Here the job is to repeat the listing exactly, but not the pictures in it.

##############################

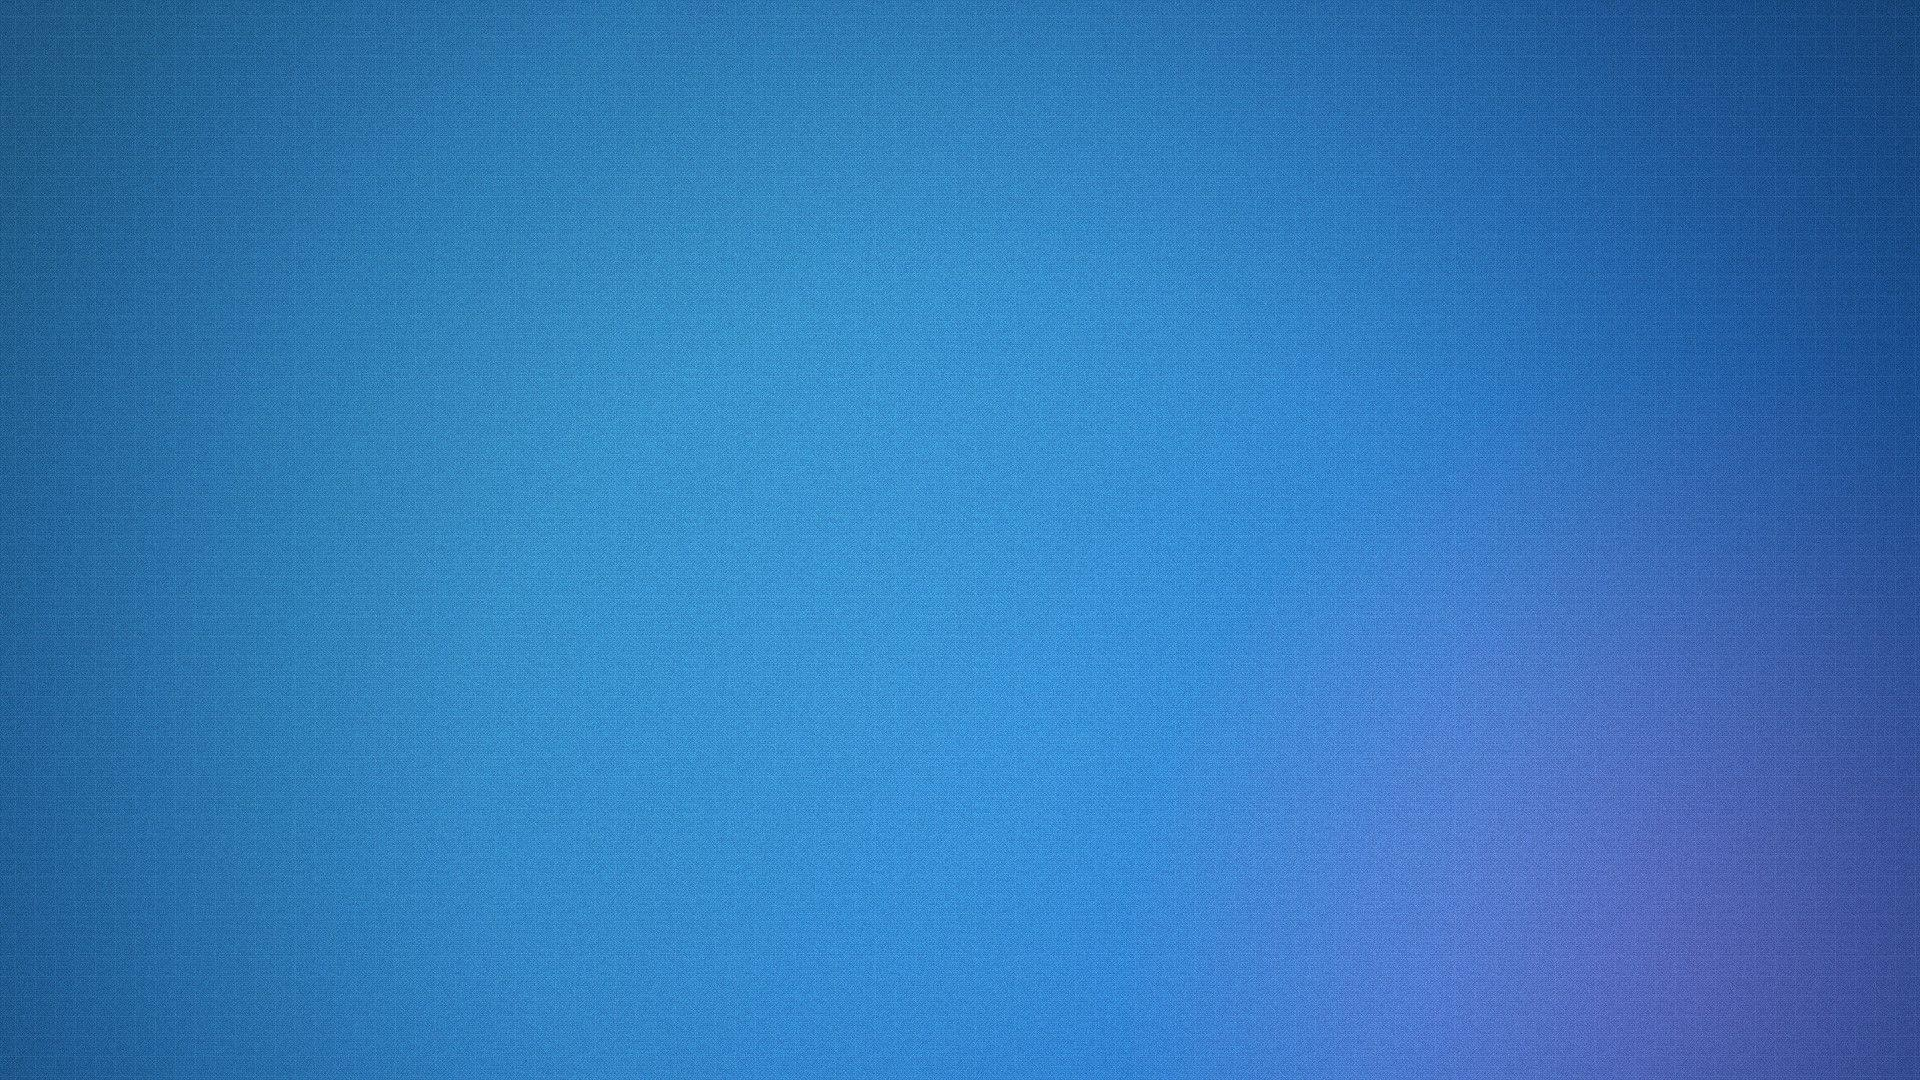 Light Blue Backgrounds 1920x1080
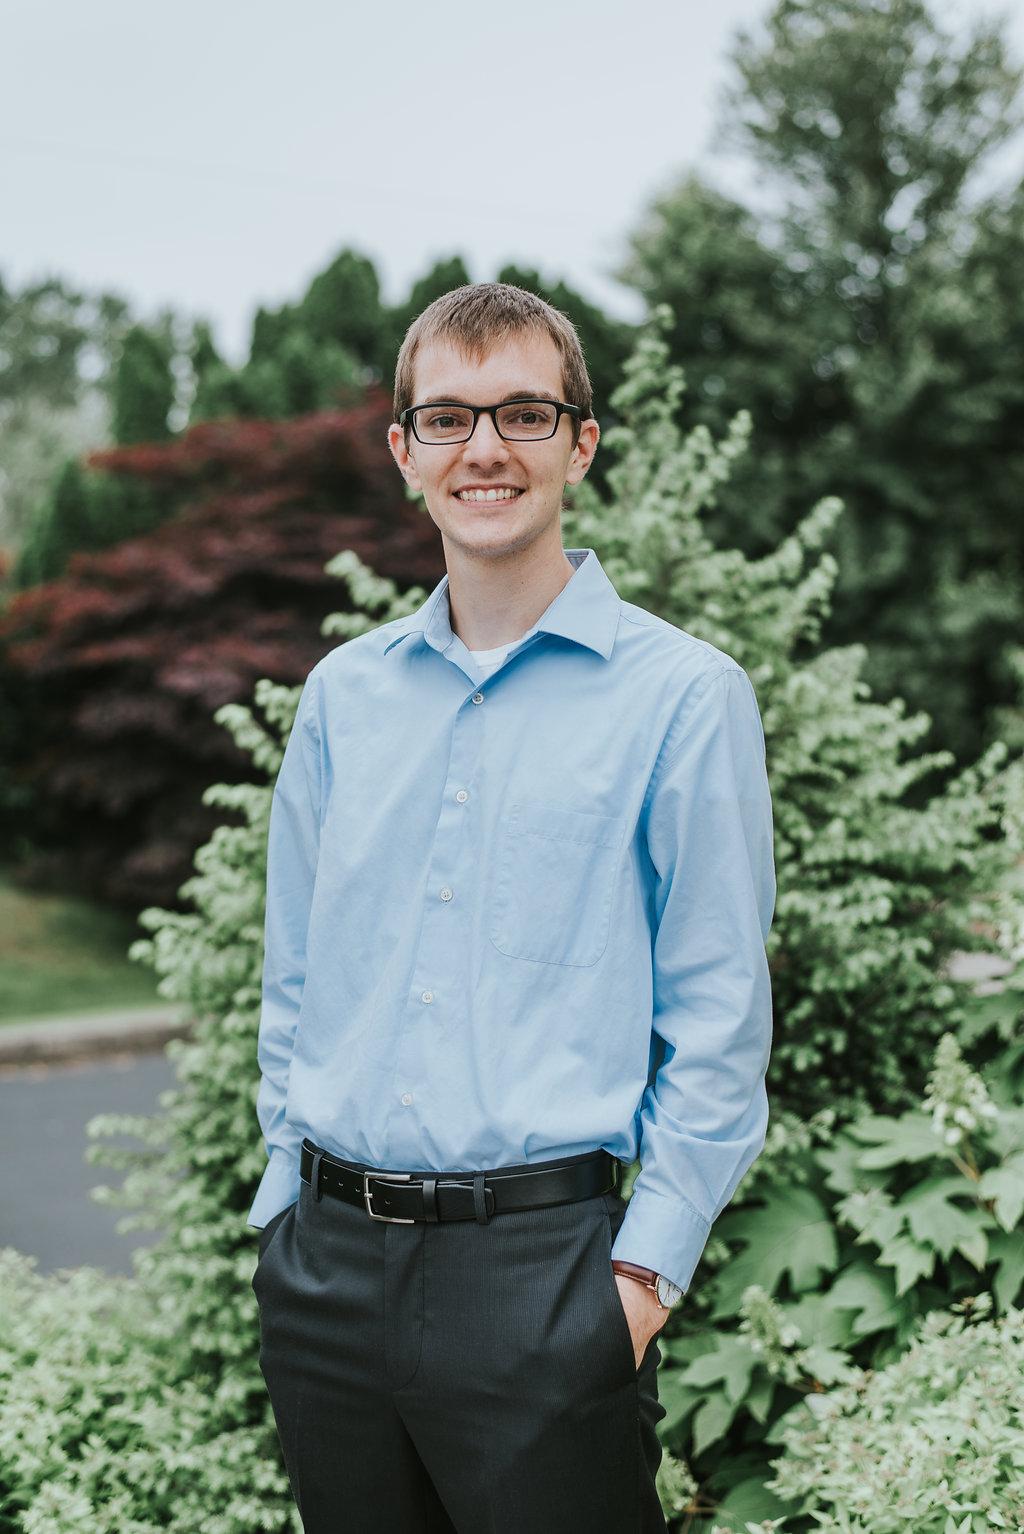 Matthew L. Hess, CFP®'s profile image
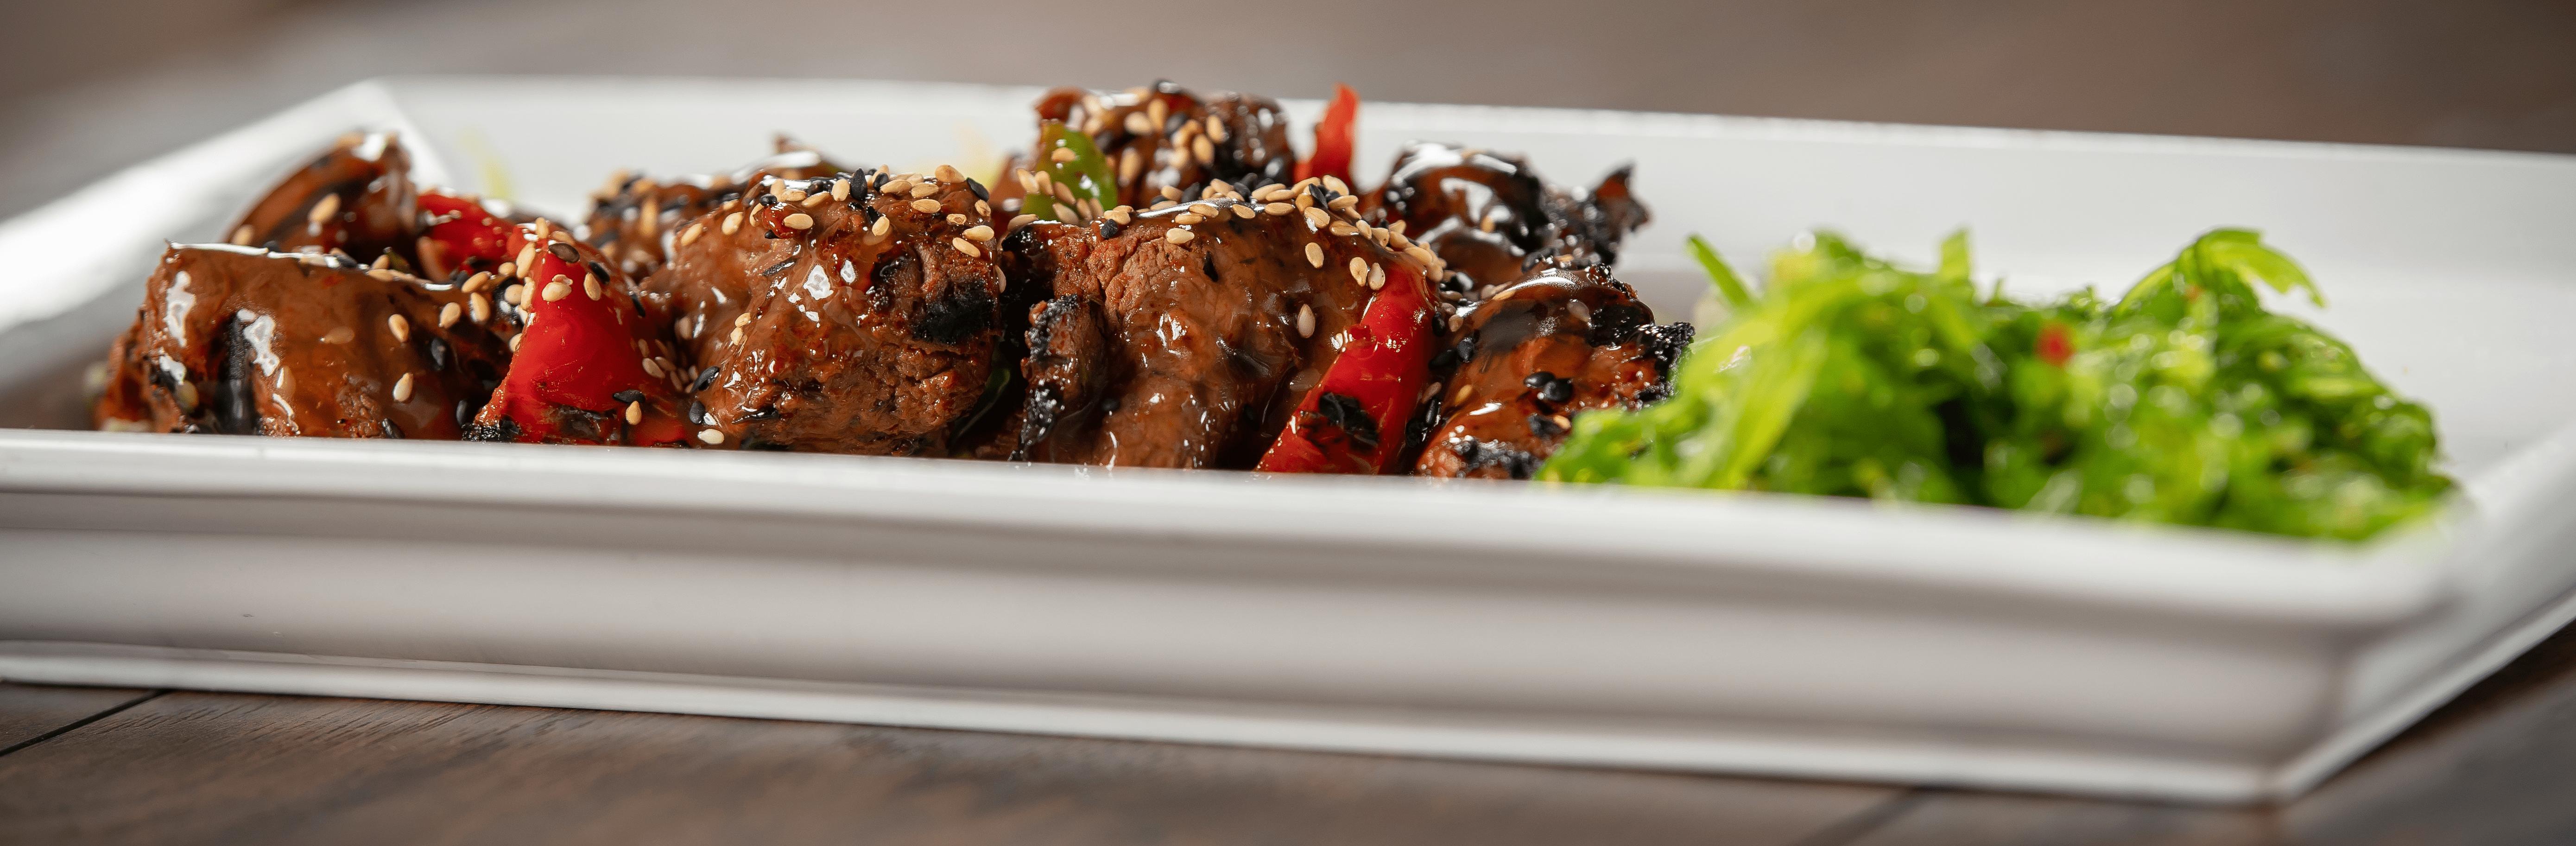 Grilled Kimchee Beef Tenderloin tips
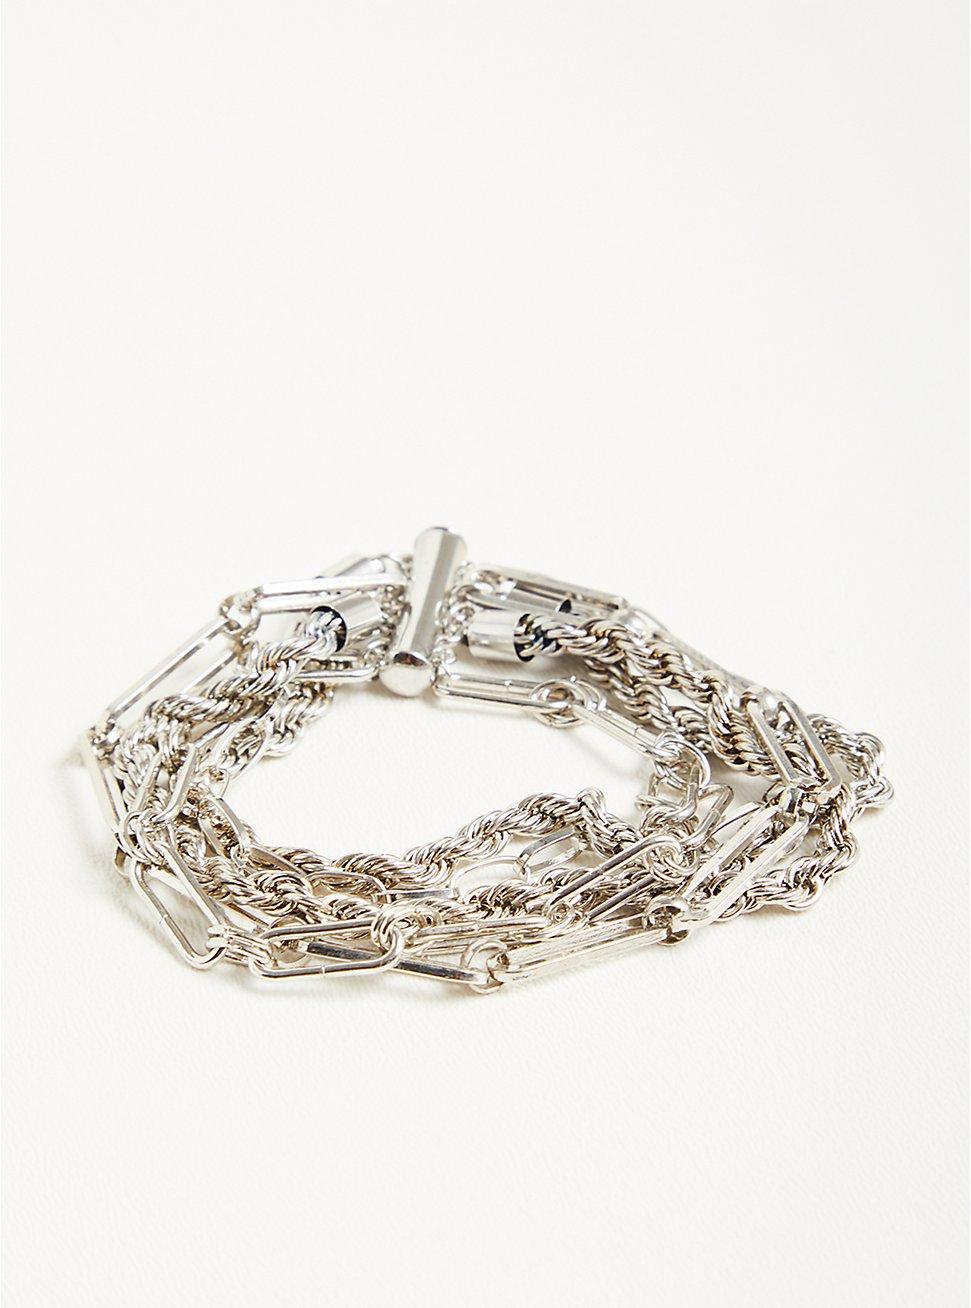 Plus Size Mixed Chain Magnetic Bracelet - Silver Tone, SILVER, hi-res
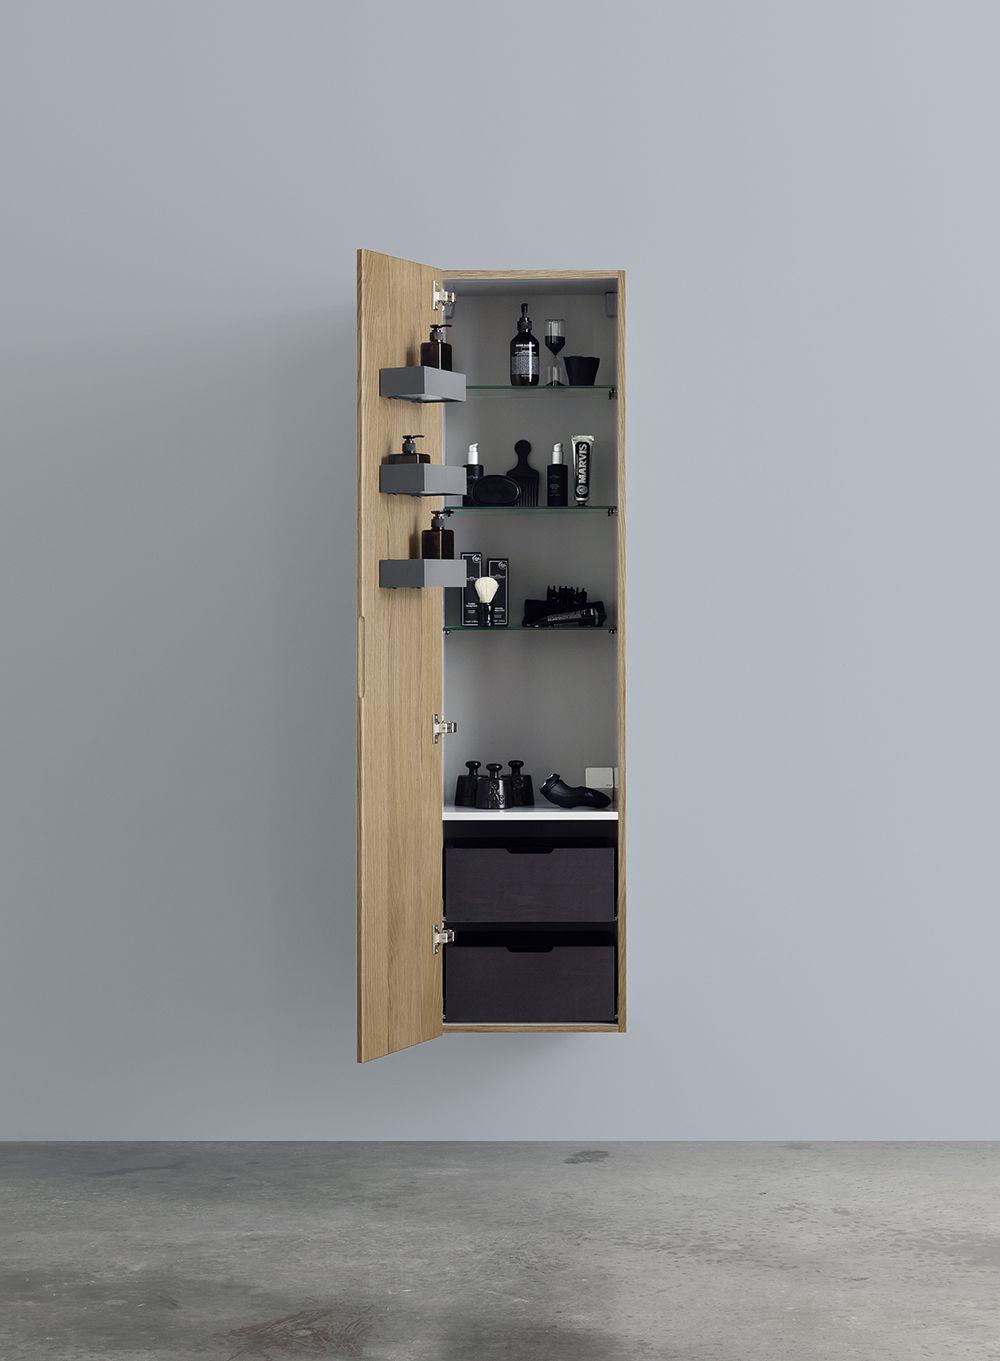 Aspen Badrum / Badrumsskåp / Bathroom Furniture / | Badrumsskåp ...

##############################

Answer below:
 Light Blue Backgrounds 1920x1080
 Matthew L. Hess, CFP®'s profile image
 Grilled Kimchee Beef Tenderloin tips
 Plus Size Mixed Chain Magnetic Bracelet - Silver Tone, SILVER, hi-res
 Aspen Badrum / Badrumsskåp / Bathroom Furniture / | Badrumsskåp ...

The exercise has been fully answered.